*** Opening EXERCISE DATA ***

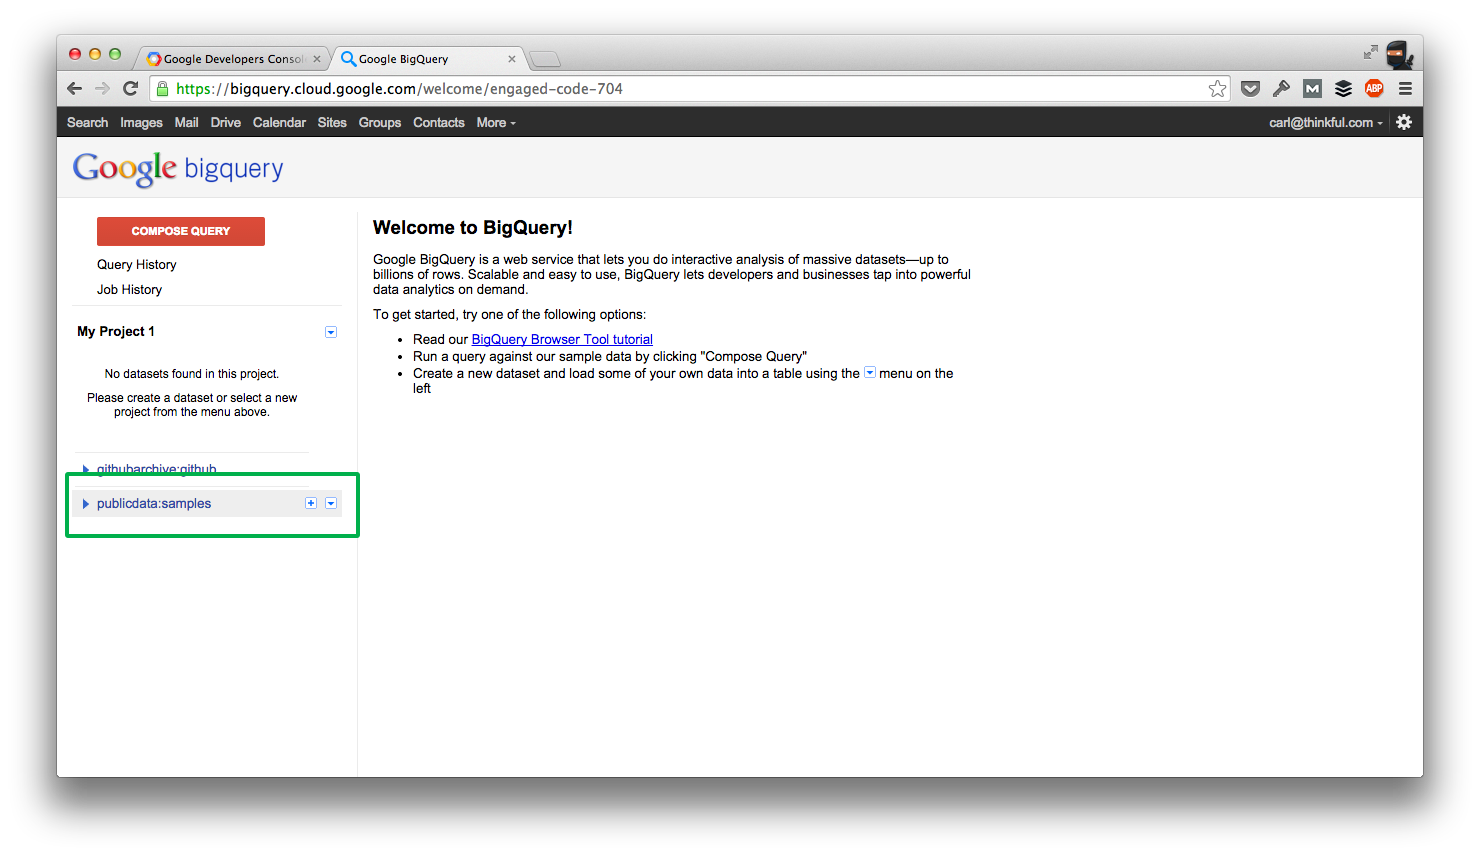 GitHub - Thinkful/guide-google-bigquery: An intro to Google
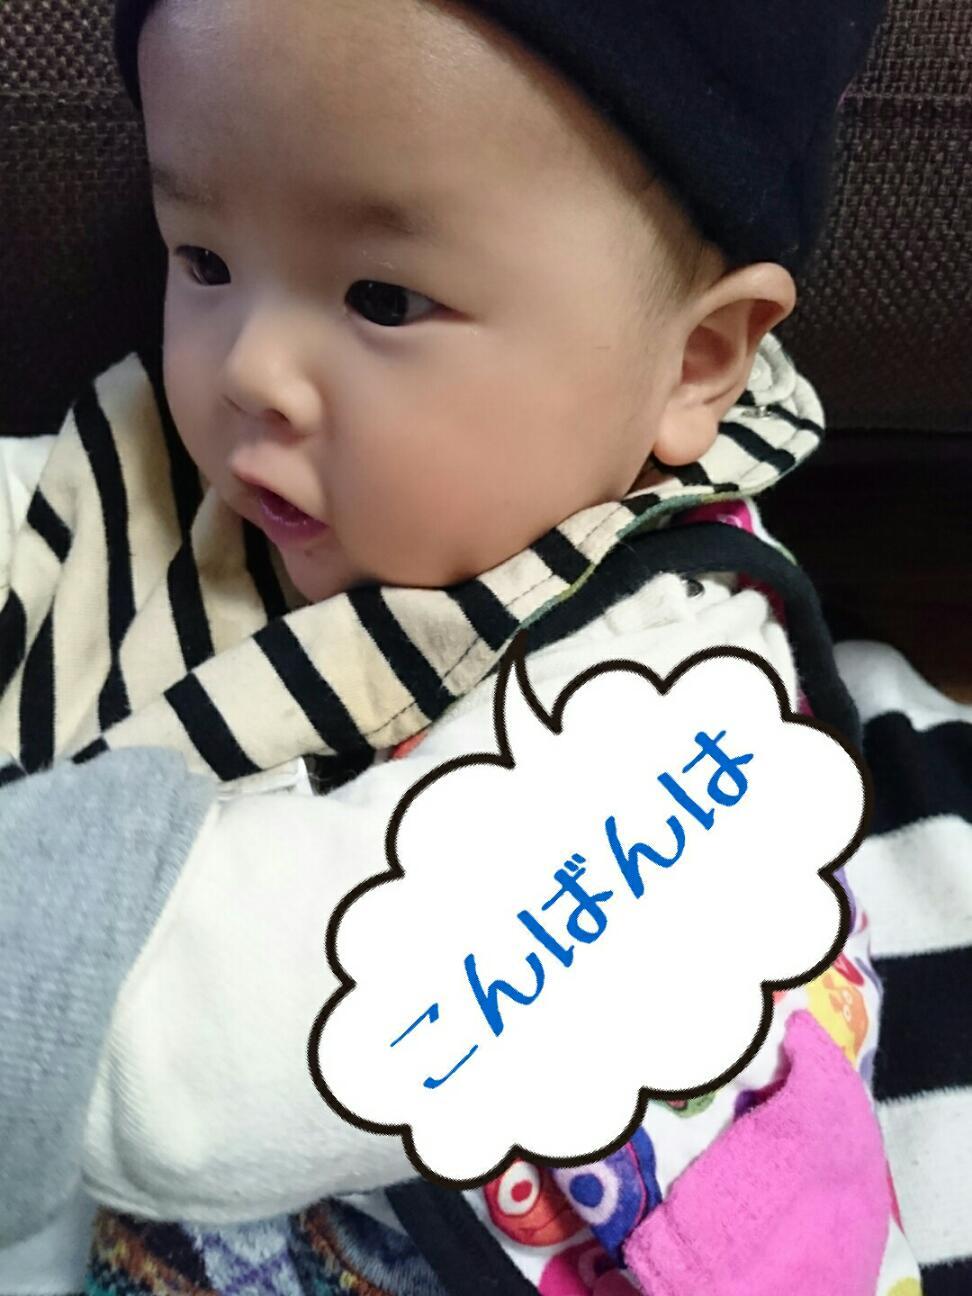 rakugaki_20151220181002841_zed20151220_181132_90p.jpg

*** Closing EXERCISE DATA ***
*** Opening EXERCISE DATA ***

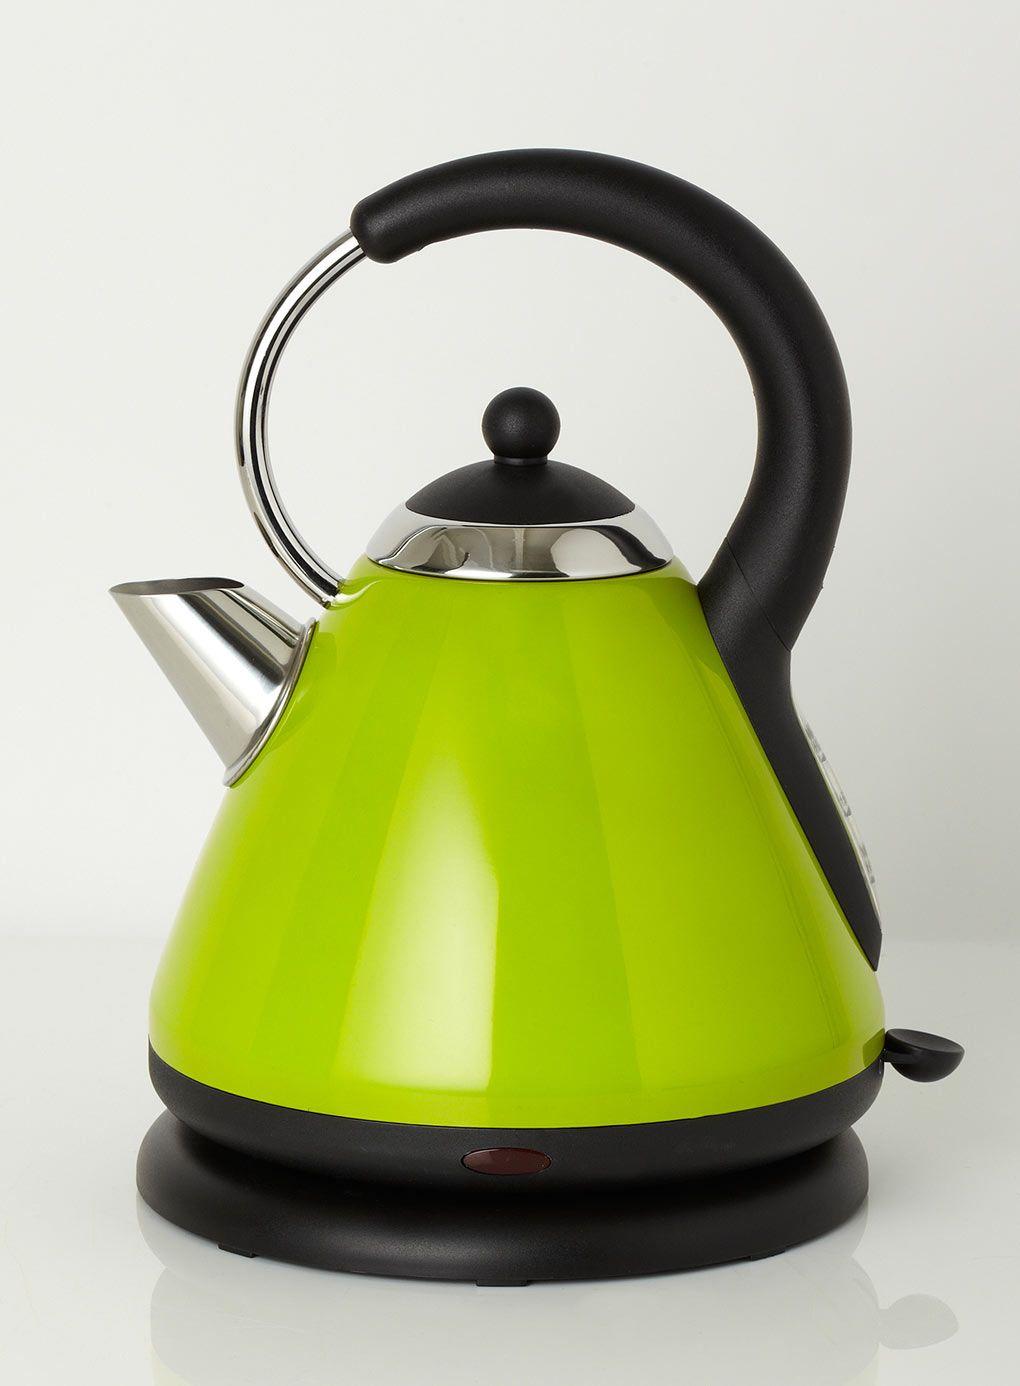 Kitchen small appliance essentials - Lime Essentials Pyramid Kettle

*** Closing EXERCISE DATA ***

§ **EXERCISE DESCRIPTION**
Your answer should be the exact lines above from the one containing "GitHub - Thinkful/guide-google-bigquery: An" through the one containing "rakugaki_20151220181002841_zed20151220_181132_90p.jpg", with both end lines kept and the pictures removed, please.

§ **ANSWER SECTION**
 GitHub - Thinkful/guide-google-bigquery: An intro to Google
 rakugaki_20151220181002841_zed20151220_181132_90p.jpg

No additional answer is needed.